Delegated Proof of Stake

DPOS is a well-known advancement in proof-of-stake. Here the delegates are democratically elected and are responsible for certain tasks in the network. Tasks include validating blocks and confirming blockchain status. Voters’ voting rights are generally weighted according to the number of tokens. Blockchains like Cardano, EOS, Tron, and Cosmos use DPOS.

Lesser known consensus mechanisms

Person proof

Proof of person is a lesser-known consensus mechanism. Here, network participants prove that they are real people and therefore allowed to participate in network activity. This proof can be provided by certain tasks or by biometric data. This is particularly advantageous for decentralization since each person can only be represented once in the network. Blockchains based on a form of POP include Idena and Humanode.

Proof of authority

Proof of authority is used to select trustworthy participants who are then authorized to perform certain tasks. The selection usually depends on the reputation of the participants. Participants go through an application process before being considered as validators for the blockchain. The process is usually based on the actual identity of the applicant. This guarantees a high level of reliability for POA networks, but at the same time involves security risks. The best-known example of a proof-of-authority blockchain is BNB Chain, formerly known as Binance Smart Chain.

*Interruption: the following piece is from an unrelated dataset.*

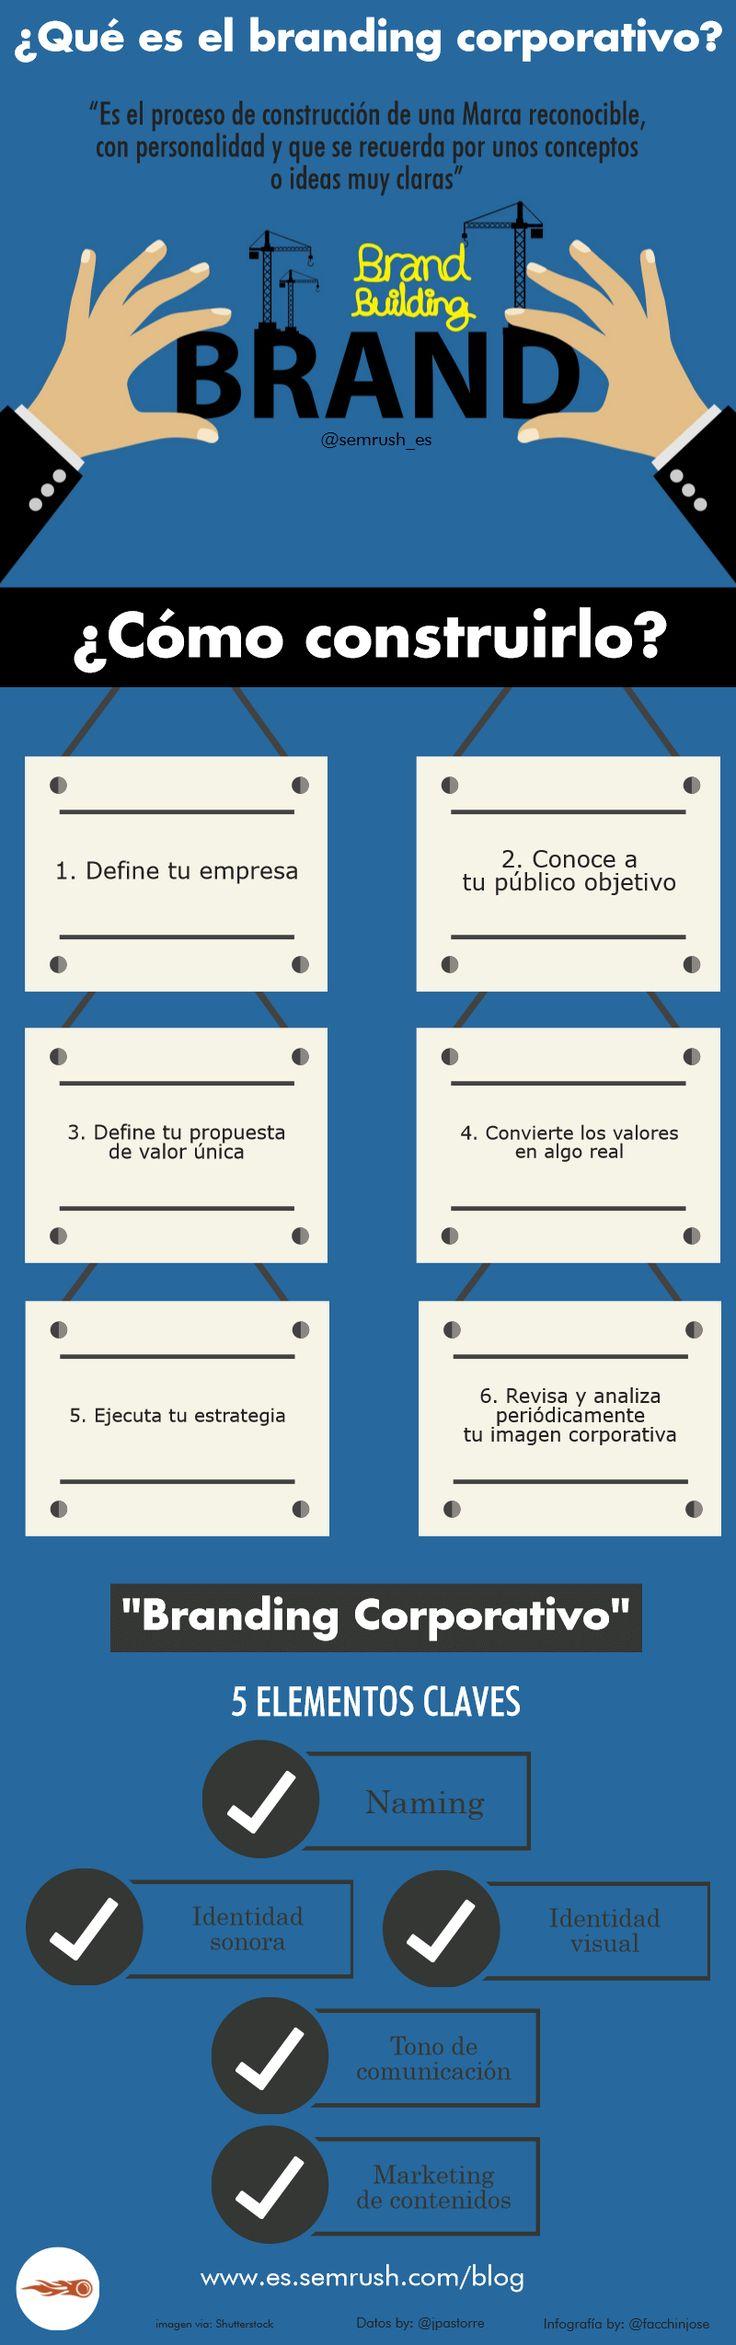 Branding Corporativo #infografia #infographic #marketing

Proof-of-work vs. proof-of-stake: which is the best?

Although proof-of-work is considered the most secure consensus algorithm, many blockchains now prefer proof-of-stake. This mainly has to do with environmental factors, but the scalability of blockchains also plays a major role. The Bitcoin network, as digital gold, can manage with low transaction volume and choose security as the first priority, but the situation is different with networks such as Ethereum, which fundamentally depend on fast and cheap transactions. .

Therefore, proof of stake is the most attractive consensus method for these blockchains. But there are also some weaknesses here. The main criticism is that it makes the “rich richer” and generally creates centralized networks. For example, validators on the Ethereum network need 32 ETH (about $87,000) to be approved. This creates a major barrier to entry for newcomers and small investors, while investors with the necessary capital easily collect staking rewards, widening the gap between small and large investors.

The blockchain trilemma applies to the choice of consensus procedure. This states that a blockchain cannot meet the desired qualities of decentralization, scalability, and security at the same time, because one of the factors can only be achieved at the expense of the other. As a general rule, scalable blockchains are not very decentralized and secure blockchains are rather slow. The only question is – which of the desired qualities do you prefer?